In an editorial Wednesday, the newspaper called out the presidential candidate for the comments he made, saying he may have been an attempting to "deflect attention from his own misjudgments."
Paul had
told MSNBC's "Morning Joe" on Wednesday that "ISIS exists and grew stronger because of the hawks in our party who gave arms indiscriminately, and most of those arms were snatched up by ISIS. These hawks also wanted to bomb Assad, which would have made ISIS's job even easier. They've created these people."
"An aide might want to remind Senator Paul which party's nomination he is seeking. Republicans who begin their campaigns assailing other Republicans rarely succeed — especially when the accusation is culpability for a would-be caliphate that uses executions, slavery, extortion, rape, and general terror to enforce oppression in the Middle East and North Africa, and whose ideology inspires jihadists world-wide," the Journal said.
The Journal added that even President Barack Obama largely avoids blaming former President George W. Bush for the world's problems.
"In Mr. Obama's second term, the U.S. has largely followed Mr. Paul's foreign-affairs preferences to the letter, and the result has been more chaos and disorder," the Journal wrote.
The Journal said that the origins of the Islamic State are al-Qaida in Iraq, and the security vacuum left by Obama in Iraq after the withdrawal. The rise of Islamic State was also assisted by the civil war in Syria and Obama's refusal to aid the rebels.

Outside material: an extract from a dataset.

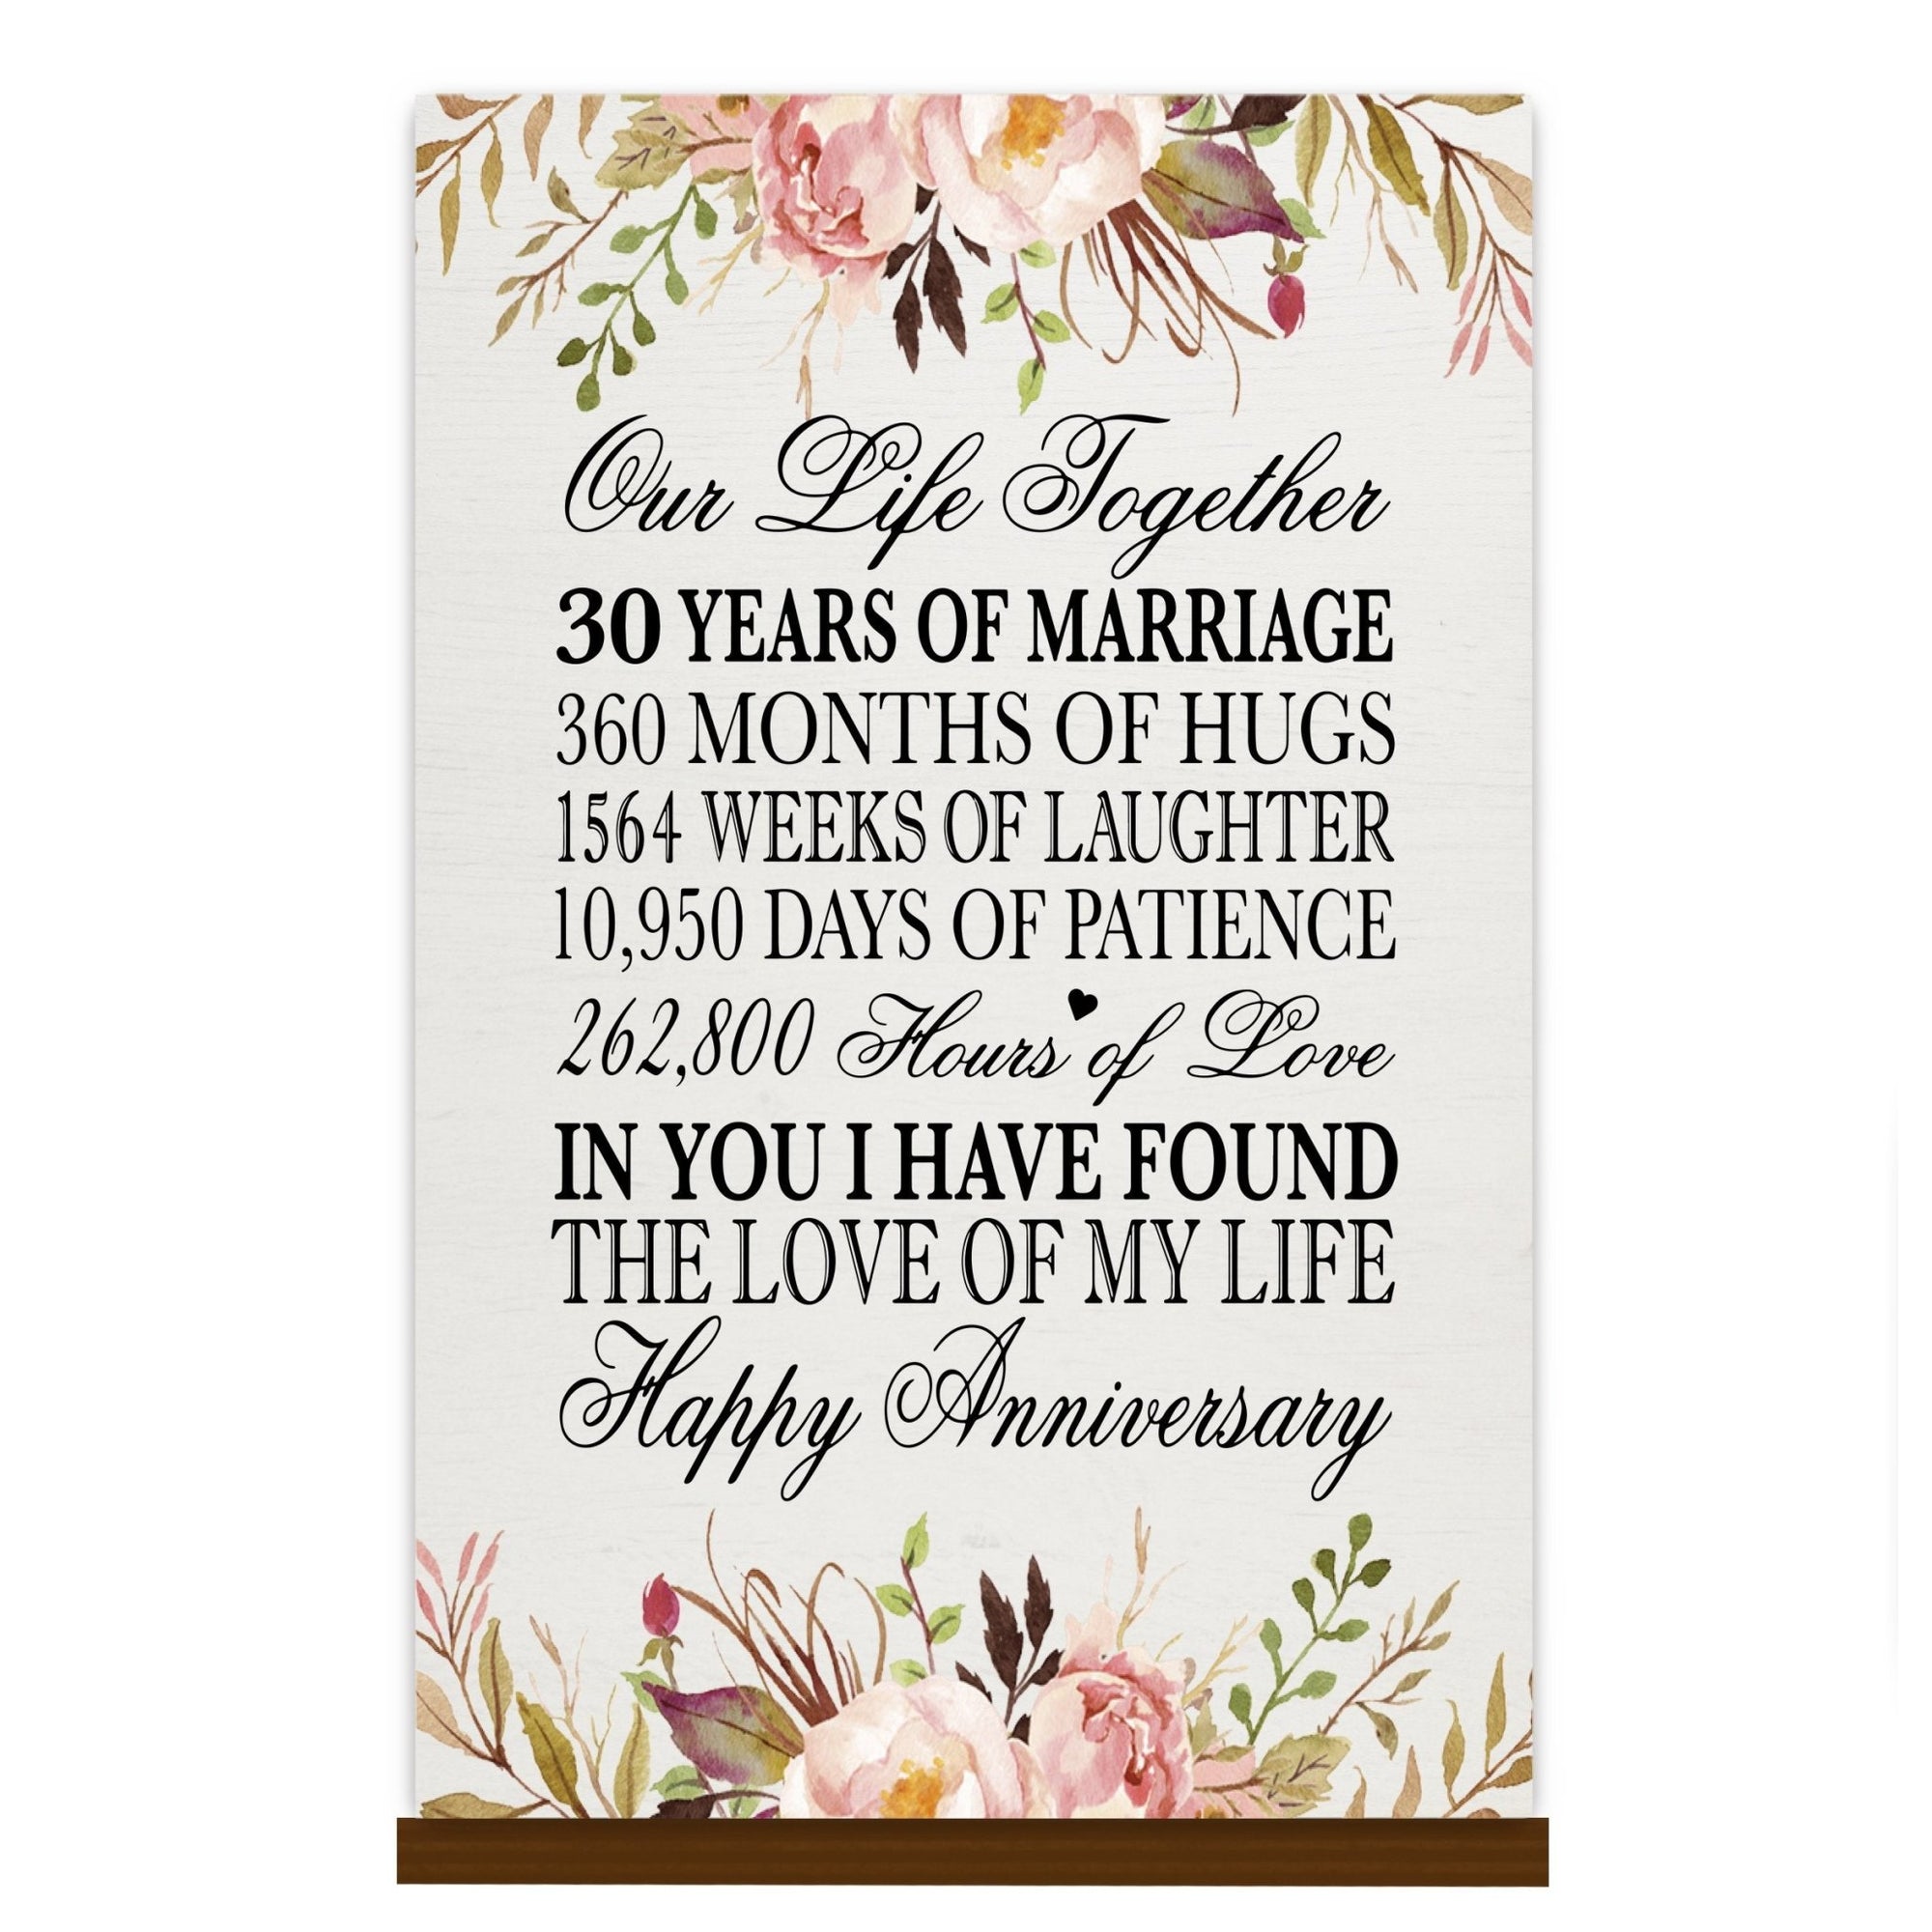 LifeSong Milestones 30th Anniversary Wall Plaque for Couples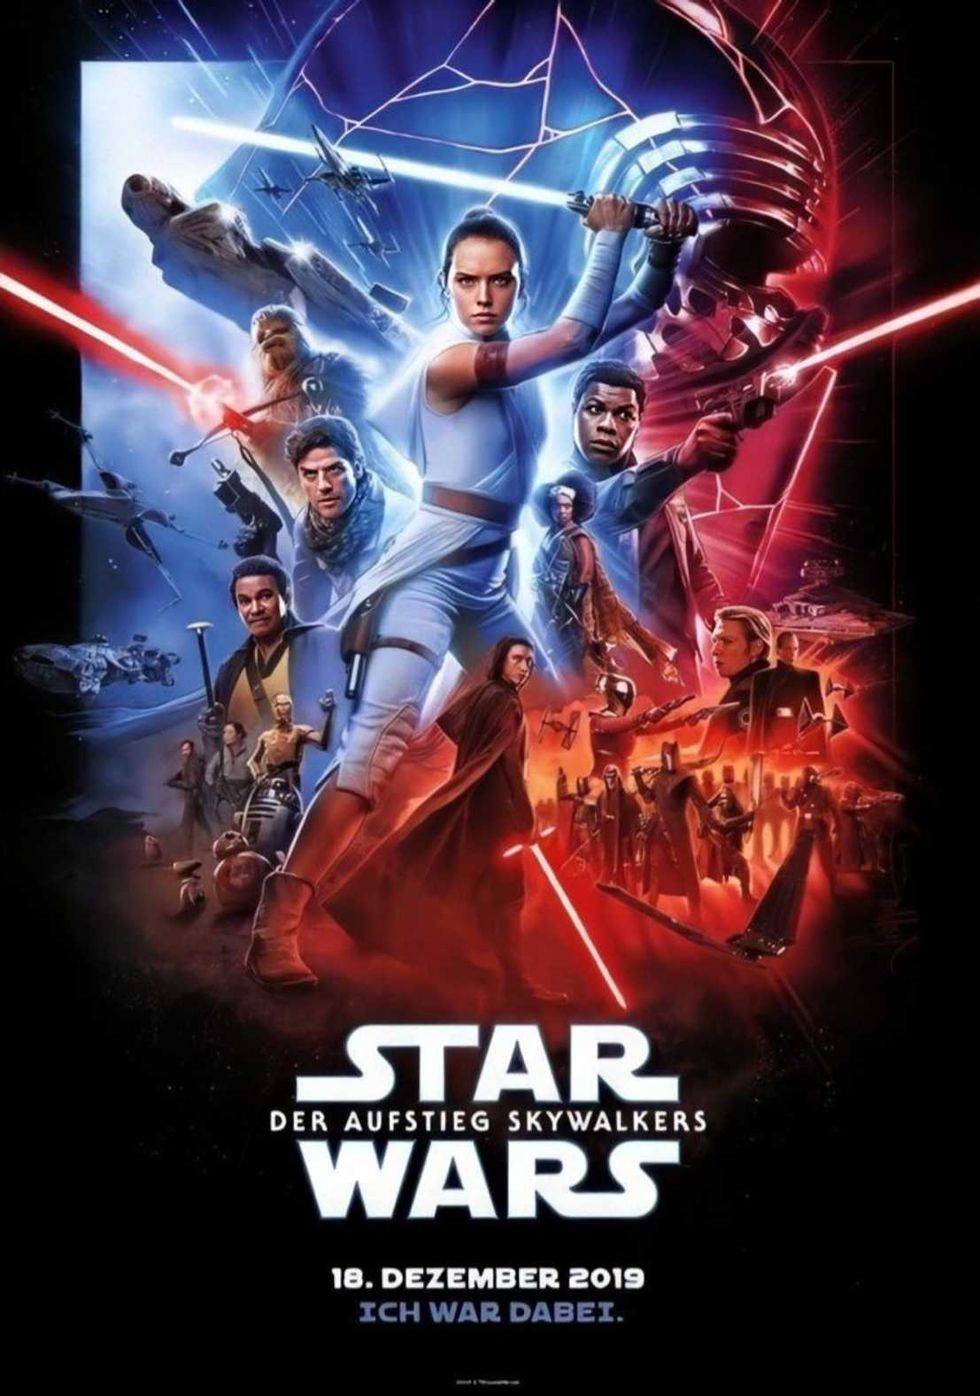 Star Wars: Episode 9 - The Rise of Skywalker' (2019) - This live

It was also Paul's opposition to intervention in Syria that is partly to blame for Obama's decision not to intervene, the Journal said.
"Mr. Paul seems to think he can win the GOP nomination on an anti-interventionist platform, though we think he'd be better off focusing on his domestic agenda," the Journal said.
"But if he wants to run as an Obama Republican on foreign policy, he shouldn't also adopt the Obama trick of rewriting history. It reflects poorly on his judgment as a potential Commander in Chief."